Data to use below:

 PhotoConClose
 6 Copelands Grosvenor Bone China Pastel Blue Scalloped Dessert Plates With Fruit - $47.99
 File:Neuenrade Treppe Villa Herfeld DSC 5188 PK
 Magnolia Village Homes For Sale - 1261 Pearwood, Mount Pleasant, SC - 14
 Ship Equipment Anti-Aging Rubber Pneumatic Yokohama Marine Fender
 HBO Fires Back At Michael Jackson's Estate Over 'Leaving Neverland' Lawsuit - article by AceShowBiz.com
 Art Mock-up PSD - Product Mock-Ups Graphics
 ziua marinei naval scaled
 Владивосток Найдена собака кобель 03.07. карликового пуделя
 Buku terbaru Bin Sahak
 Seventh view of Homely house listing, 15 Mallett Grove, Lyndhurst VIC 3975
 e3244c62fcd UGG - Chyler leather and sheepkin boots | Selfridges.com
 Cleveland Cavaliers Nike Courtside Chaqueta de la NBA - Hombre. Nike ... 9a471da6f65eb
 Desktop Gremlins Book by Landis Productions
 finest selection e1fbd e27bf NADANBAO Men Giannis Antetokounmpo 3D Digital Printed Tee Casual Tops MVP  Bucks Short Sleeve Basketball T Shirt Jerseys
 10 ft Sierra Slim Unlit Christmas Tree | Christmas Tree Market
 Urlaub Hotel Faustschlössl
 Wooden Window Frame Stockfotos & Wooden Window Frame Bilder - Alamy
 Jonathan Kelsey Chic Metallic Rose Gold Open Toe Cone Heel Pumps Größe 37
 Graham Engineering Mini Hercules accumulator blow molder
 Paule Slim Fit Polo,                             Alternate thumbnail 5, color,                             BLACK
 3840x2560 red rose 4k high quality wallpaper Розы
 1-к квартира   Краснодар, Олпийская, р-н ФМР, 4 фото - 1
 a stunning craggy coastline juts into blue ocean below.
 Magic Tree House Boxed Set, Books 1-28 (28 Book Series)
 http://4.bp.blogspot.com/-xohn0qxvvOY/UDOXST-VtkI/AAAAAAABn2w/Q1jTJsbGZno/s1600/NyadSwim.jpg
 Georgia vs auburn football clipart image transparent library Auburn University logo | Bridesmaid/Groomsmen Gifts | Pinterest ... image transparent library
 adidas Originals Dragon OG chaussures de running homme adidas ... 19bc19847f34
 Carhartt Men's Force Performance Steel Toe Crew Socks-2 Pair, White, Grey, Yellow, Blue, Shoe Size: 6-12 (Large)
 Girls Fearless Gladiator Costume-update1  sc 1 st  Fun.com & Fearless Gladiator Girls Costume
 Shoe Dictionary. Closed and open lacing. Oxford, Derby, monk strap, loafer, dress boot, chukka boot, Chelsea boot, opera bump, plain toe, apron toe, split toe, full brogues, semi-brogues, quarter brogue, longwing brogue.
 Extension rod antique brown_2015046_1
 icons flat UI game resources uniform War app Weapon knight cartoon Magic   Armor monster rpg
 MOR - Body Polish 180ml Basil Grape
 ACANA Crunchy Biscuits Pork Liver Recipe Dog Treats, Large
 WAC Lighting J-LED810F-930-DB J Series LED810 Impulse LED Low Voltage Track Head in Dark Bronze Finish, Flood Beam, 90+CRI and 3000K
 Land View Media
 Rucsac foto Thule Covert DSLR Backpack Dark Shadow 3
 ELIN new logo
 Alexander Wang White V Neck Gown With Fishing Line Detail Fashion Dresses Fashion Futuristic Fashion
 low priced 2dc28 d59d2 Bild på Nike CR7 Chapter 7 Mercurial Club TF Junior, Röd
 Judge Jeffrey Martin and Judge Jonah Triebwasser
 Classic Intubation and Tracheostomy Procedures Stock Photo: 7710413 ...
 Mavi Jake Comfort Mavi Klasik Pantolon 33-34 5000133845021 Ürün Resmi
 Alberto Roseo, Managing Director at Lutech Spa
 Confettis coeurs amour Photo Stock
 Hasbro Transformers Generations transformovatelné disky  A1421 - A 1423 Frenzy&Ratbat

End of Data to use.

▶ [Aim of the exercise]:
Please give an exact copy of the lines above, beginning with the line containing "3840x2560 red rose" and running through the line containing "ACANA Crunchy Biscuits", and of no other lines.

▶ [Result of this task]:
 3840x2560 red rose 4k high quality wallpaper Розы
 1-к квартира   Краснодар, Олпийская, р-н ФМР, 4 фото - 1
 a stunning craggy coastline juts into blue ocean below.
 Magic Tree House Boxed Set, Books 1-28 (28 Book Series)
 http://4.bp.blogspot.com/-xohn0qxvvOY/UDOXST-VtkI/AAAAAAABn2w/Q1jTJsbGZno/s1600/NyadSwim.jpg
 Georgia vs auburn football clipart image transparent library Auburn University logo | Bridesmaid/Groomsmen Gifts | Pinterest ... image transparent library
 adidas Originals Dragon OG chaussures de running homme adidas ... 19bc19847f34
 Carhartt Men's Force Performance Steel Toe Crew Socks-2 Pair, White, Grey, Yellow, Blue, Shoe Size: 6-12 (Large)
 Girls Fearless Gladiator Costume-update1  sc 1 st  Fun.com & Fearless Gladiator Girls Costume
 Shoe Dictionary. Closed and open lacing. Oxford, Derby, monk strap, loafer, dress boot, chukka boot, Chelsea boot, opera bump, plain toe, apron toe, split toe, full brogues, semi-brogues, quarter brogue, longwing brogue.
 Extension rod antique brown_2015046_1
 icons flat UI game resources uniform War app Weapon knight cartoon Magic   Armor monster rpg
 MOR - Body Polish 180ml Basil Grape
 ACANA Crunchy Biscuits Pork Liver Recipe Dog Treats, Large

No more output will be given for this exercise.